**Prompt**
Write each line below back out exactly, omitting its pictures.

+++ Stored data

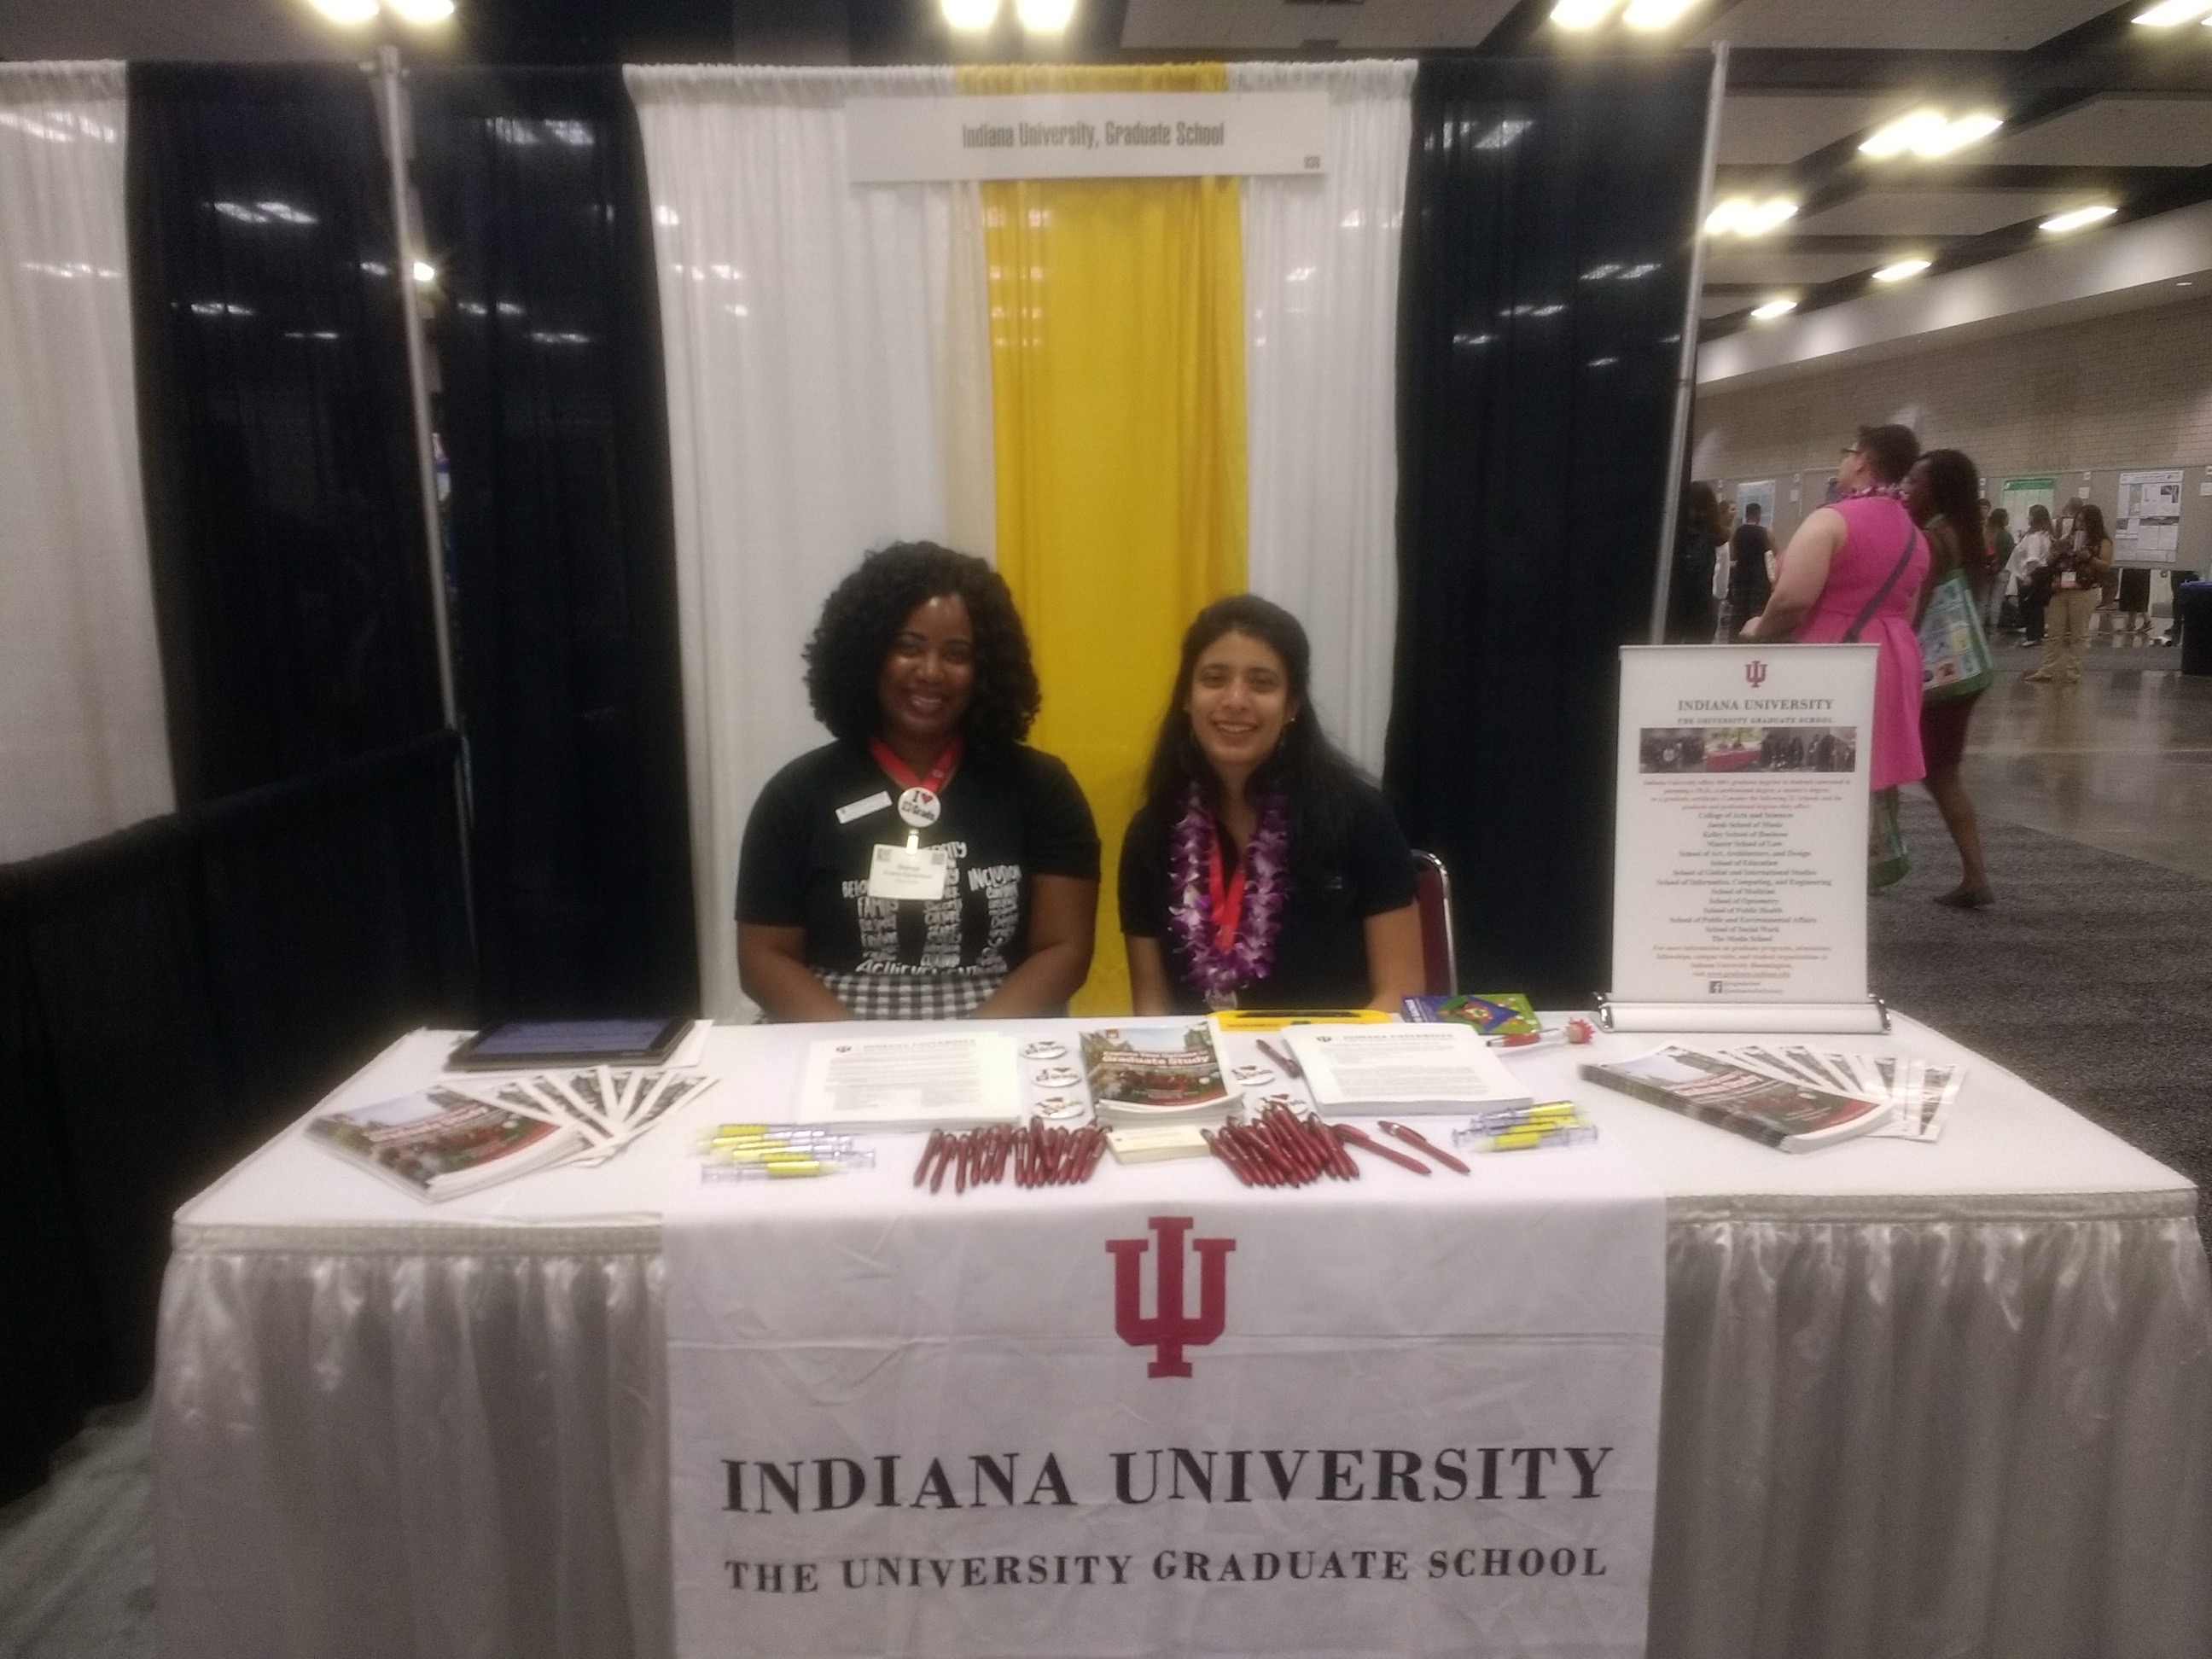 Two ladies at an Indiana University Graduate School fair booth
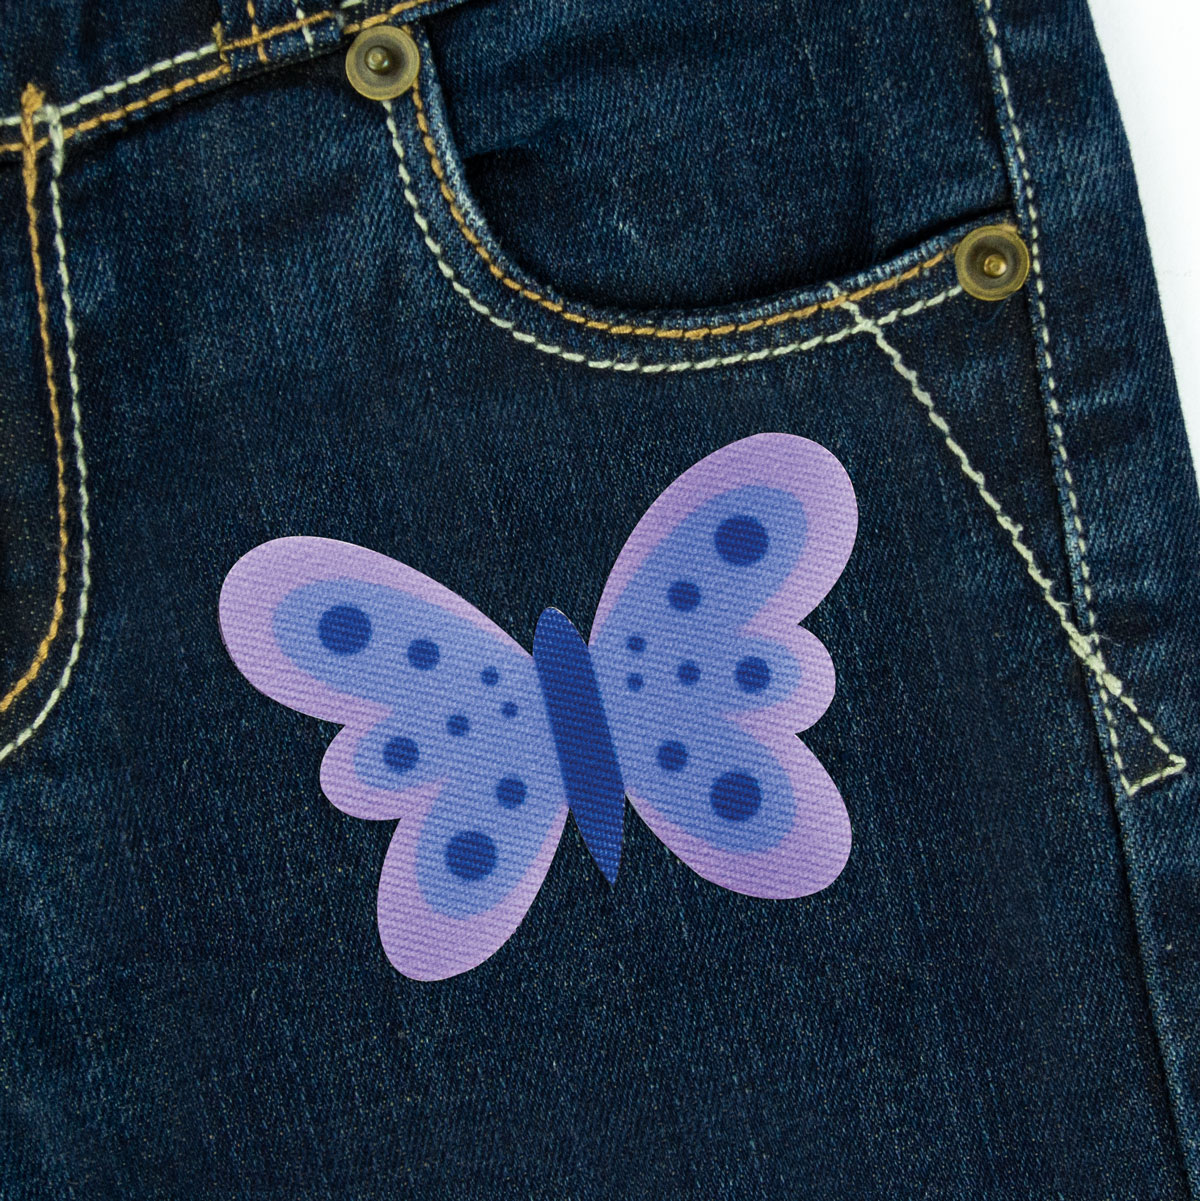 Iron-On Patch Purple Butterfly
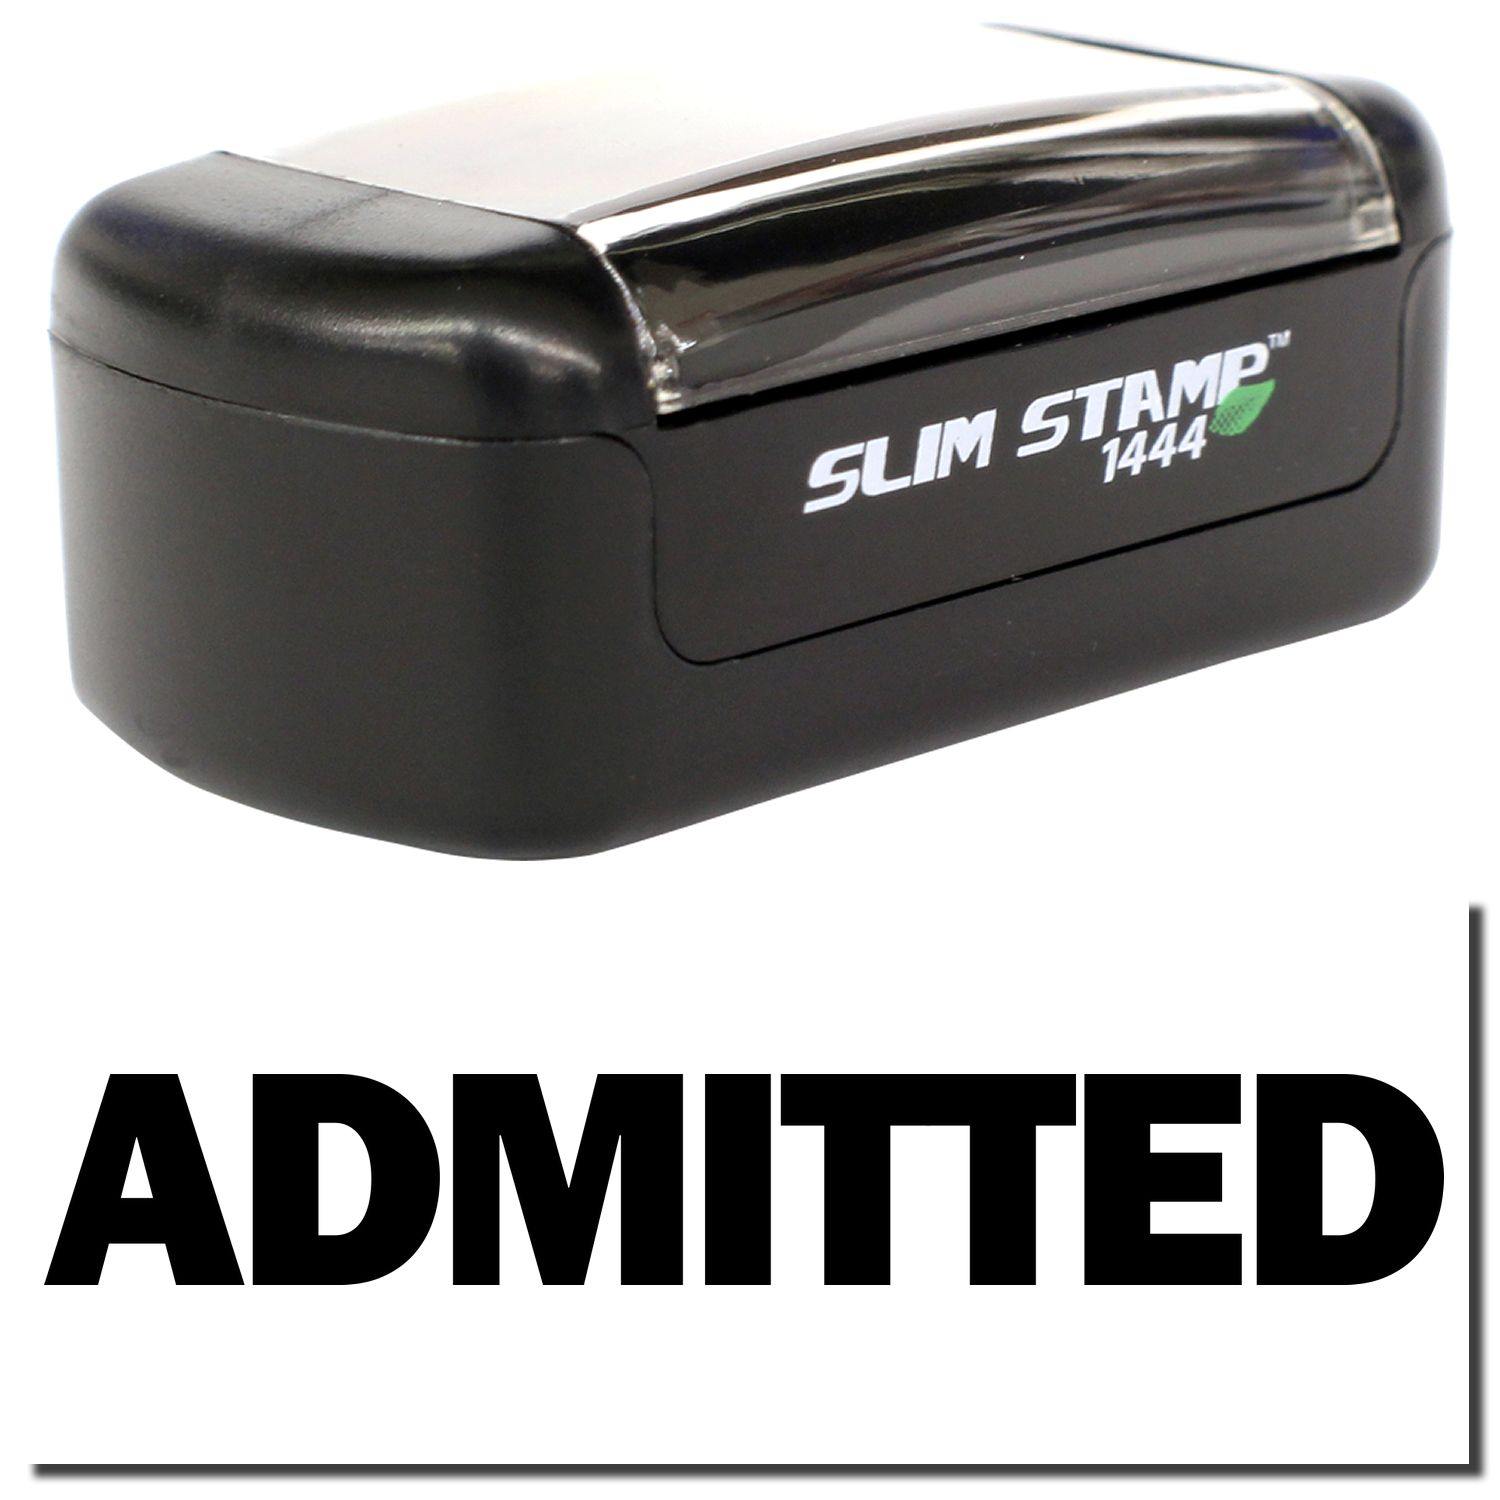 A stock office pre-inked stamp with a stamped image showing how the text "ADMITTED" in bold font is displayed after stamping.

++++++

**Answer space**
 Two ladies at an Indiana University Graduate School fair booth
 Iron-On Patch Purple Butterfly
 A stock office pre-inked stamp with a stamped image showing how the text "ADMITTED" in bold font is displayed after stamping.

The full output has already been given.